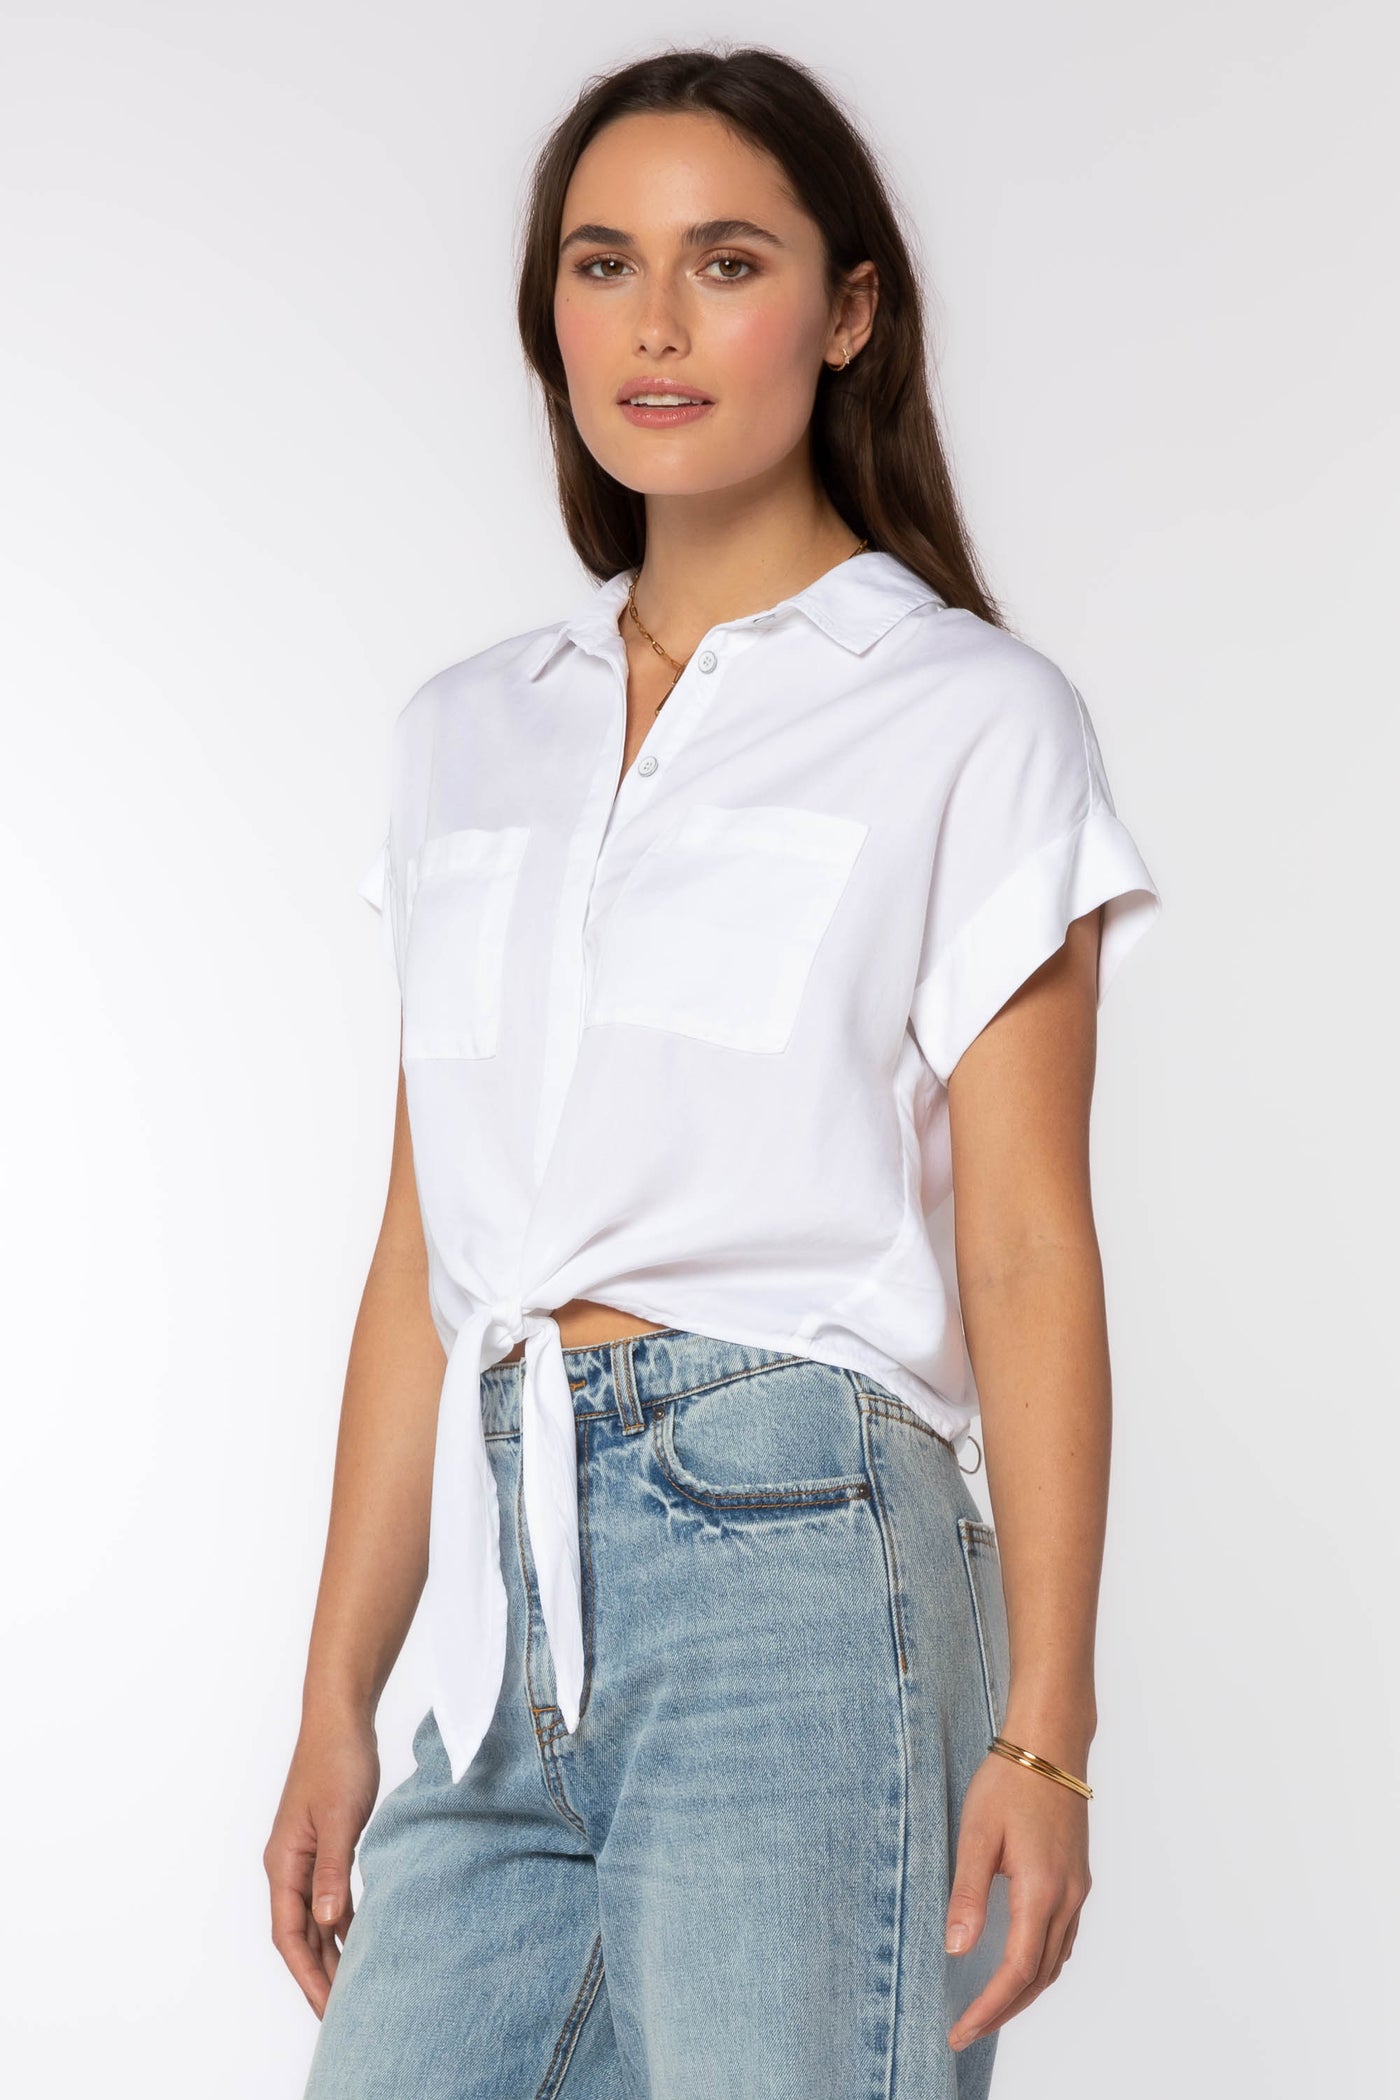 Zuria Shirt - Tops - Velvet Heart Clothing
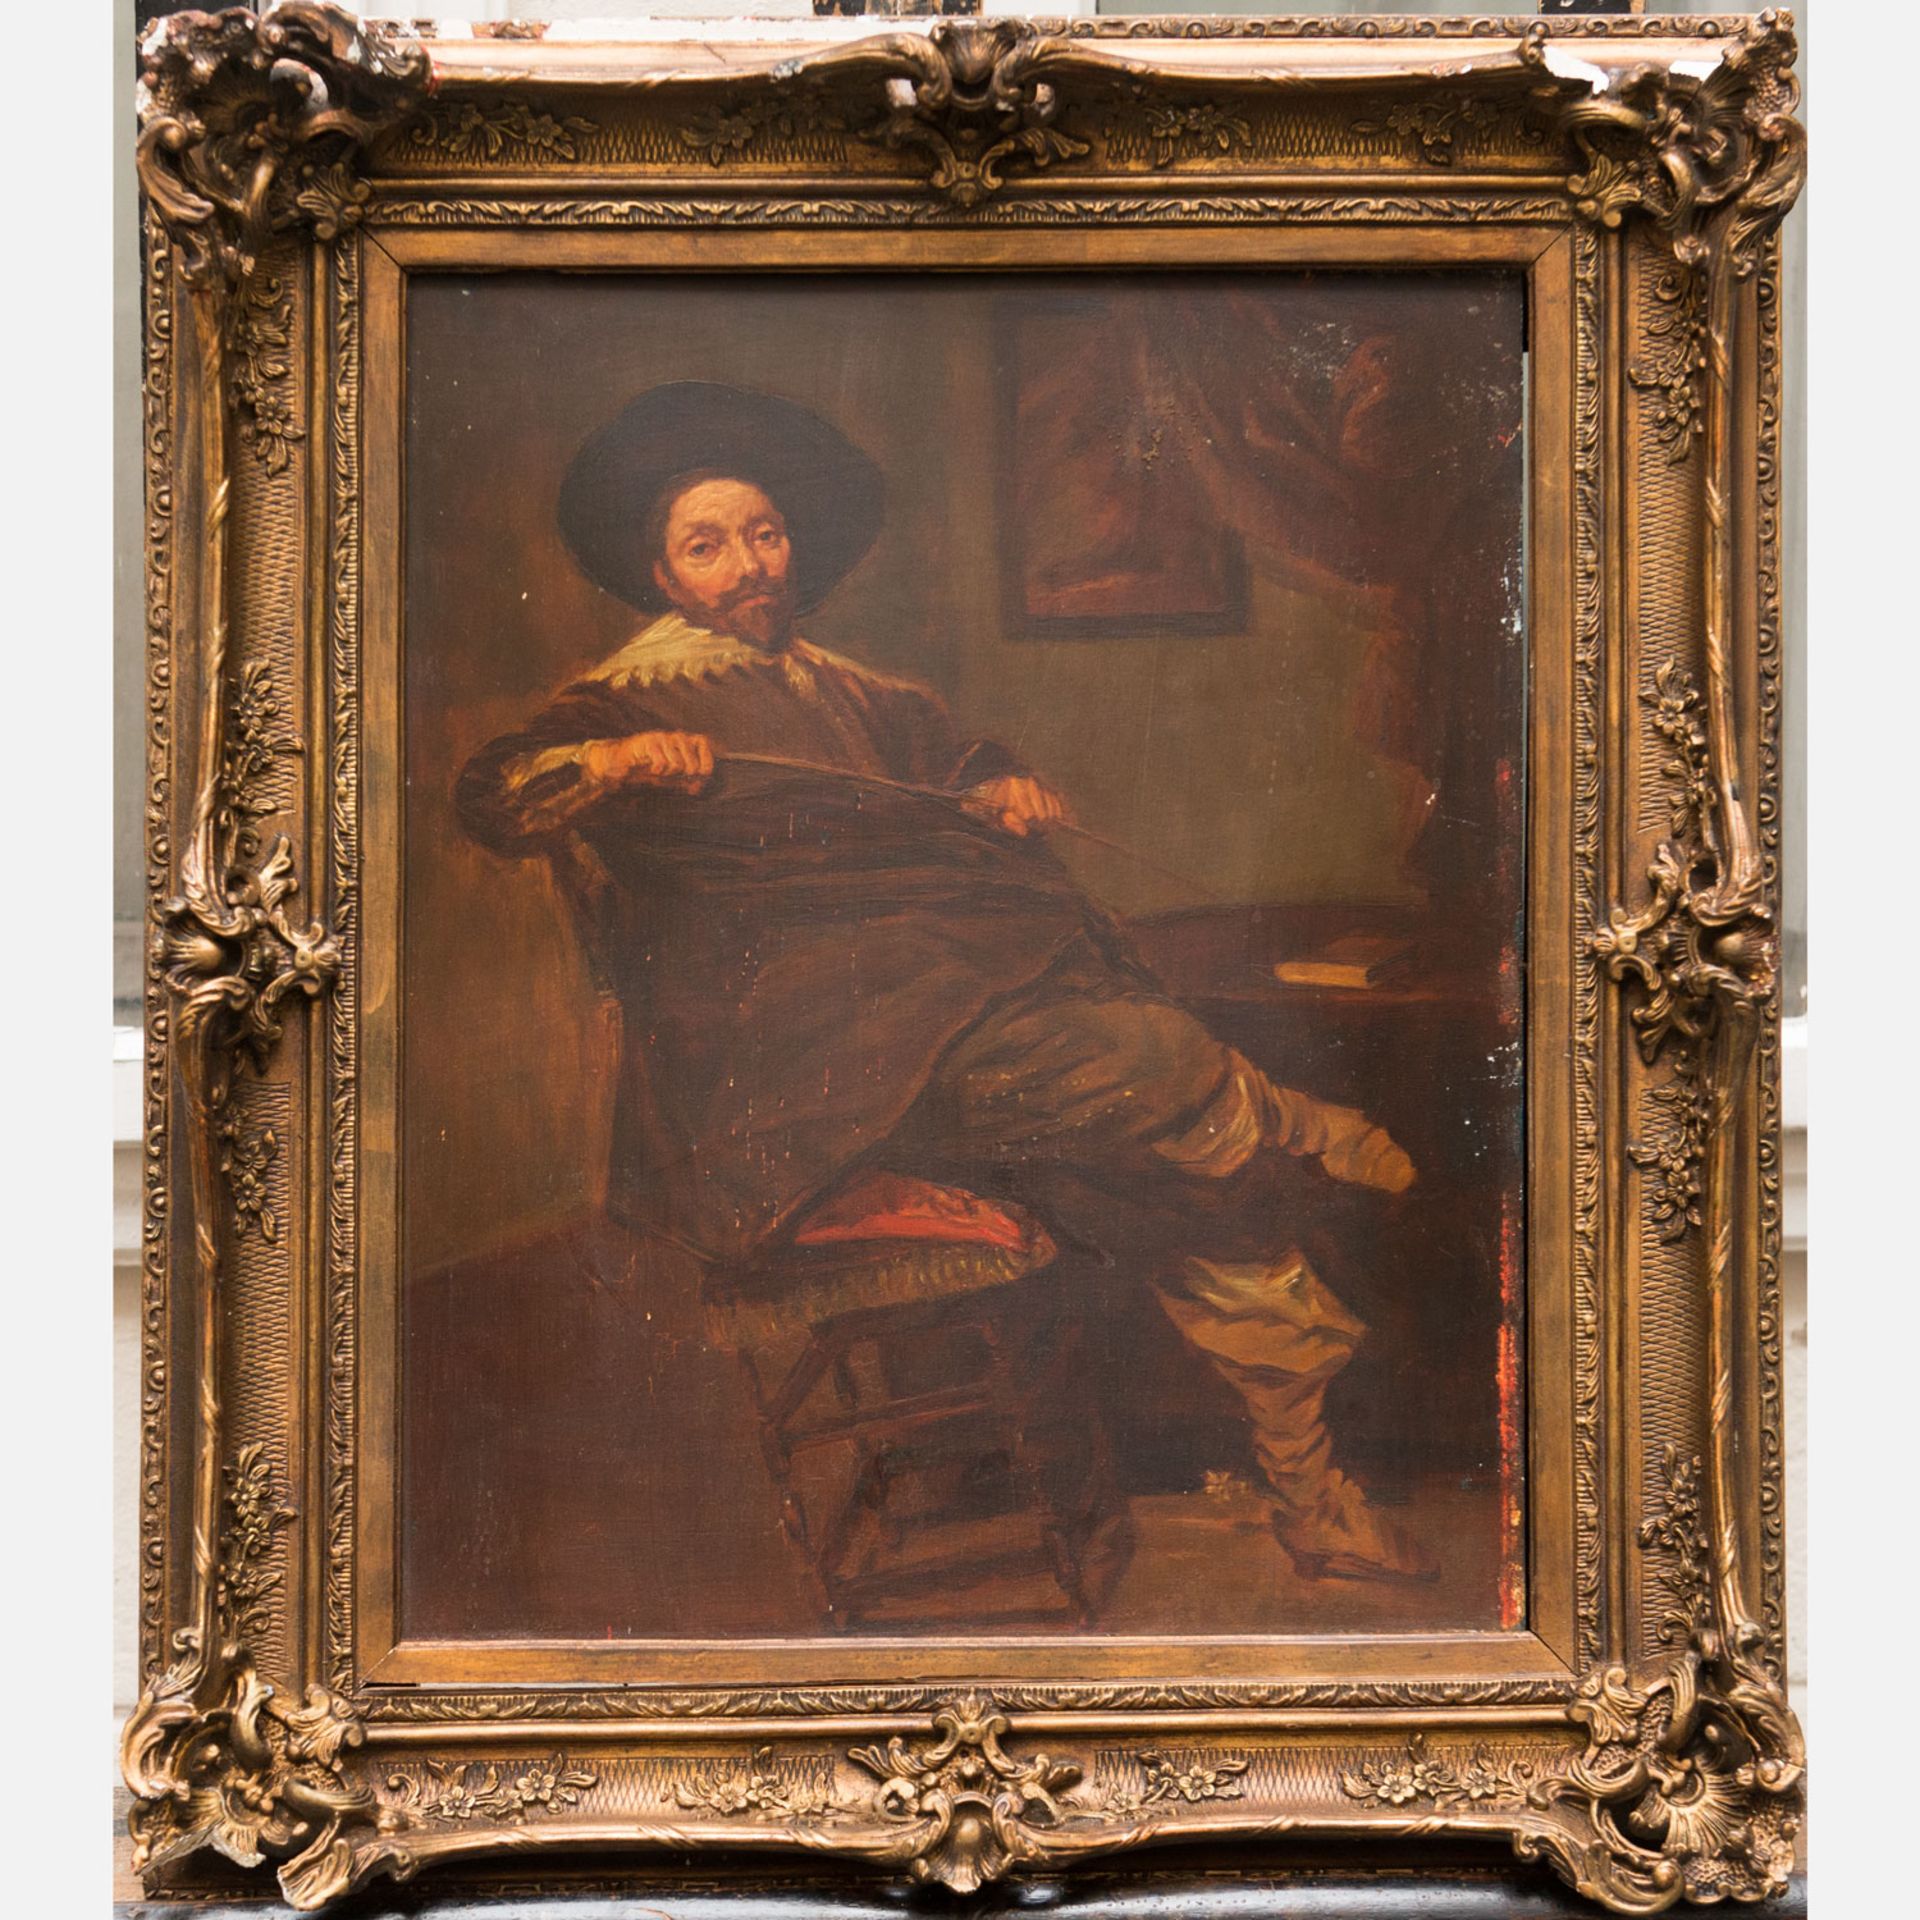 Frans Hals (1582-1666) – Follower
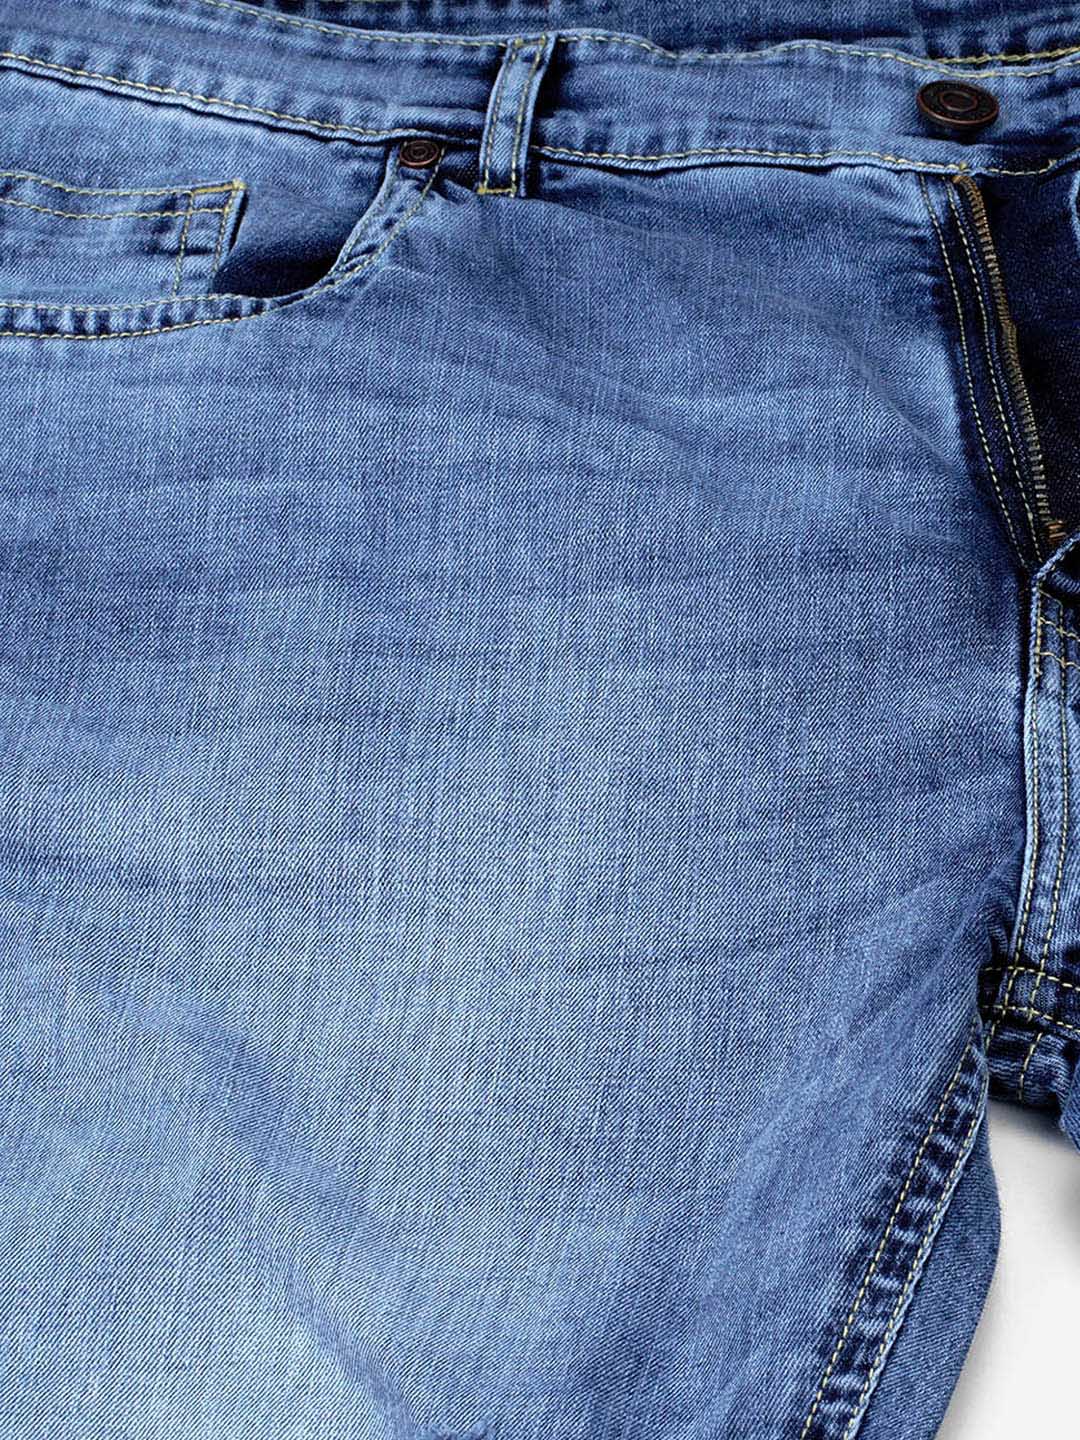 bottomwear/jeans/JPJ12127/jpj12127-2.jpg

Exercise brief - Copy the data character for character, but drop all pictures from the copy.

Answer below -
 Zuria Shirt - Tops - Velvet Heart Clothing
 Frans Hals (1582-1666) – Follower
 bottomwear/jeans/JPJ12127/jpj12127-2.jpg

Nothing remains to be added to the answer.